#### [Task details]
Could you retype every line of the data underneath without altering anything?

#### [Task material]
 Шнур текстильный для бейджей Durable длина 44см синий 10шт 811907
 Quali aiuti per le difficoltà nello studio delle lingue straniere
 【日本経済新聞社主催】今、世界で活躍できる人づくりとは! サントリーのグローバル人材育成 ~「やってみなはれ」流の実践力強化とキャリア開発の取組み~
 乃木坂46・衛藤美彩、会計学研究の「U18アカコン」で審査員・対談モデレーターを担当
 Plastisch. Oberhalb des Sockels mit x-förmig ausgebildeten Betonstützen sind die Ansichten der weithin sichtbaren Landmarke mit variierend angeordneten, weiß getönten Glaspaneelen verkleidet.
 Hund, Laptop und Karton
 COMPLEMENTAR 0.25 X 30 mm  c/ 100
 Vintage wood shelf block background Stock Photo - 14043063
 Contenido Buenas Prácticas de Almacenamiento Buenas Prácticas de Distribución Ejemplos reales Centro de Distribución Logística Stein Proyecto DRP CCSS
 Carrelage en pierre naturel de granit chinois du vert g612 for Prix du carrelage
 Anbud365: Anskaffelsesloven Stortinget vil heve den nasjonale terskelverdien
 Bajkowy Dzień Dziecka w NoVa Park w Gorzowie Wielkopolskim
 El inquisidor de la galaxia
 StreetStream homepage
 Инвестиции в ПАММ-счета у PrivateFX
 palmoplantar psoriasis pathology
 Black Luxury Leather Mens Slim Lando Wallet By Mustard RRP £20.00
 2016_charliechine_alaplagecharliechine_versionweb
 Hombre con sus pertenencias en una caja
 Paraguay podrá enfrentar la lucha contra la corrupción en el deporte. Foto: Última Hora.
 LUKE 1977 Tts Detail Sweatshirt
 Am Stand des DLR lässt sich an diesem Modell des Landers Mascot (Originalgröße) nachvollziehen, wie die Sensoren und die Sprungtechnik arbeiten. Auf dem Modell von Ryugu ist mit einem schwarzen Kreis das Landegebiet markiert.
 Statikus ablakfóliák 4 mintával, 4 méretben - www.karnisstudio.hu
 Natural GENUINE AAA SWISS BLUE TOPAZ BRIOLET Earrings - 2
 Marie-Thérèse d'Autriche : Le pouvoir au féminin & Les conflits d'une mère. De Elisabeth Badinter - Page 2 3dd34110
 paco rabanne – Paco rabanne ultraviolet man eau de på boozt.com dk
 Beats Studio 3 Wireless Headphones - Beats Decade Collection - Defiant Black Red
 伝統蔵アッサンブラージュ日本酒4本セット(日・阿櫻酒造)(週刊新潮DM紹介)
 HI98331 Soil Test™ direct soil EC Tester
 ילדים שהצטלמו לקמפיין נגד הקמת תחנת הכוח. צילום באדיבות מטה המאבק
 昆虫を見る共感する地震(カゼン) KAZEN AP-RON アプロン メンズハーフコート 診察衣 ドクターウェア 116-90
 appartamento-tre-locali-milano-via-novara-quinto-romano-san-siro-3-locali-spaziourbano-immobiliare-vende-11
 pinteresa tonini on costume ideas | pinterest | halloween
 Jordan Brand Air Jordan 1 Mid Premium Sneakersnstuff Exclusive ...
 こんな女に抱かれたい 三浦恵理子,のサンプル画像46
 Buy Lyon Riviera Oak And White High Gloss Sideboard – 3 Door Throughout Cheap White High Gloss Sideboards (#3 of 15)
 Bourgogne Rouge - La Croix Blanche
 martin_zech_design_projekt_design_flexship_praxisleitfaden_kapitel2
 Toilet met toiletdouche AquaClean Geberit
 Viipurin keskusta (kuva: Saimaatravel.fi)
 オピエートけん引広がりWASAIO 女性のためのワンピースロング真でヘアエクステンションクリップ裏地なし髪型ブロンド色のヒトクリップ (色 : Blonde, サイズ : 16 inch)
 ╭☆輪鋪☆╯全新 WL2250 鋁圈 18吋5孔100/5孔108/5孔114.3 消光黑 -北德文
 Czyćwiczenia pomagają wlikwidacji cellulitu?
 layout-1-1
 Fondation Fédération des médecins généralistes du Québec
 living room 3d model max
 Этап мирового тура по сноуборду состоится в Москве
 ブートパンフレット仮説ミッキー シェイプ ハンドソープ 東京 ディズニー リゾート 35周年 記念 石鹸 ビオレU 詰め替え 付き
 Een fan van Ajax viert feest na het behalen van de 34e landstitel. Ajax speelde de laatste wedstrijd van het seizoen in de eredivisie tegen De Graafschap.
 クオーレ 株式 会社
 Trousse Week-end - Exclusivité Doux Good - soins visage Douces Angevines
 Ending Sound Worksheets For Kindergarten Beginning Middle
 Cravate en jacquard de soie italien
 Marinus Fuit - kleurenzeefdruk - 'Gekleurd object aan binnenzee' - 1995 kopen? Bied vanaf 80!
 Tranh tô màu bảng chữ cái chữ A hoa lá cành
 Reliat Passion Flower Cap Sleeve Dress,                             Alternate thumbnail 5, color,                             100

#### [Task answer]
 Шнур текстильный для бейджей Durable длина 44см синий 10шт 811907
 Quali aiuti per le difficoltà nello studio delle lingue straniere
 【日本経済新聞社主催】今、世界で活躍できる人づくりとは! サントリーのグローバル人材育成 ~「やってみなはれ」流の実践力強化とキャリア開発の取組み~
 乃木坂46・衛藤美彩、会計学研究の「U18アカコン」で審査員・対談モデレーターを担当
 Plastisch. Oberhalb des Sockels mit x-förmig ausgebildeten Betonstützen sind die Ansichten der weithin sichtbaren Landmarke mit variierend angeordneten, weiß getönten Glaspaneelen verkleidet.
 Hund, Laptop und Karton
 COMPLEMENTAR 0.25 X 30 mm  c/ 100
 Vintage wood shelf block background Stock Photo - 14043063
 Contenido Buenas Prácticas de Almacenamiento Buenas Prácticas de Distribución Ejemplos reales Centro de Distribución Logística Stein Proyecto DRP CCSS
 Carrelage en pierre naturel de granit chinois du vert g612 for Prix du carrelage
 Anbud365: Anskaffelsesloven Stortinget vil heve den nasjonale terskelverdien
 Bajkowy Dzień Dziecka w NoVa Park w Gorzowie Wielkopolskim
 El inquisidor de la galaxia
 StreetStream homepage
 Инвестиции в ПАММ-счета у PrivateFX
 palmoplantar psoriasis pathology
 Black Luxury Leather Mens Slim Lando Wallet By Mustard RRP £20.00
 2016_charliechine_alaplagecharliechine_versionweb
 Hombre con sus pertenencias en una caja
 Paraguay podrá enfrentar la lucha contra la corrupción en el deporte. Foto: Última Hora.
 LUKE 1977 Tts Detail Sweatshirt
 Am Stand des DLR lässt sich an diesem Modell des Landers Mascot (Originalgröße) nachvollziehen, wie die Sensoren und die Sprungtechnik arbeiten. Auf dem Modell von Ryugu ist mit einem schwarzen Kreis das Landegebiet markiert.
 Statikus ablakfóliák 4 mintával, 4 méretben - www.karnisstudio.hu
 Natural GENUINE AAA SWISS BLUE TOPAZ BRIOLET Earrings - 2
 Marie-Thérèse d'Autriche : Le pouvoir au féminin & Les conflits d'une mère. De Elisabeth Badinter - Page 2 3dd34110
 paco rabanne – Paco rabanne ultraviolet man eau de på boozt.com dk
 Beats Studio 3 Wireless Headphones - Beats Decade Collection - Defiant Black Red
 伝統蔵アッサンブラージュ日本酒4本セット(日・阿櫻酒造)(週刊新潮DM紹介)
 HI98331 Soil Test™ direct soil EC Tester
 ילדים שהצטלמו לקמפיין נגד הקמת תחנת הכוח. צילום באדיבות מטה המאבק
 昆虫を見る共感する地震(カゼン) KAZEN AP-RON アプロン メンズハーフコート 診察衣 ドクターウェア 116-90
 appartamento-tre-locali-milano-via-novara-quinto-romano-san-siro-3-locali-spaziourbano-immobiliare-vende-11
 pinteresa tonini on costume ideas | pinterest | halloween
 Jordan Brand Air Jordan 1 Mid Premium Sneakersnstuff Exclusive ...
 こんな女に抱かれたい 三浦恵理子,のサンプル画像46
 Buy Lyon Riviera Oak And White High Gloss Sideboard – 3 Door Throughout Cheap White High Gloss Sideboards (#3 of 15)
 Bourgogne Rouge - La Croix Blanche
 martin_zech_design_projekt_design_flexship_praxisleitfaden_kapitel2
 Toilet met toiletdouche AquaClean Geberit
 Viipurin keskusta (kuva: Saimaatravel.fi)
 オピエートけん引広がりWASAIO 女性のためのワンピースロング真でヘアエクステンションクリップ裏地なし髪型ブロンド色のヒトクリップ (色 : Blonde, サイズ : 16 inch)
 ╭☆輪鋪☆╯全新 WL2250 鋁圈 18吋5孔100/5孔108/5孔114.3 消光黑 -北德文
 Czyćwiczenia pomagają wlikwidacji cellulitu?
 layout-1-1
 Fondation Fédération des médecins généralistes du Québec
 living room 3d model max
 Этап мирового тура по сноуборду состоится в Москве
 ブートパンフレット仮説ミッキー シェイプ ハンドソープ 東京 ディズニー リゾート 35周年 記念 石鹸 ビオレU 詰め替え 付き
 Een fan van Ajax viert feest na het behalen van de 34e landstitel. Ajax speelde de laatste wedstrijd van het seizoen in de eredivisie tegen De Graafschap.
 クオーレ 株式 会社
 Trousse Week-end - Exclusivité Doux Good - soins visage Douces Angevines
 Ending Sound Worksheets For Kindergarten Beginning Middle
 Cravate en jacquard de soie italien
 Marinus Fuit - kleurenzeefdruk - 'Gekleurd object aan binnenzee' - 1995 kopen? Bied vanaf 80!
 Tranh tô màu bảng chữ cái chữ A hoa lá cành
 Reliat Passion Flower Cap Sleeve Dress,                             Alternate thumbnail 5, color,                             100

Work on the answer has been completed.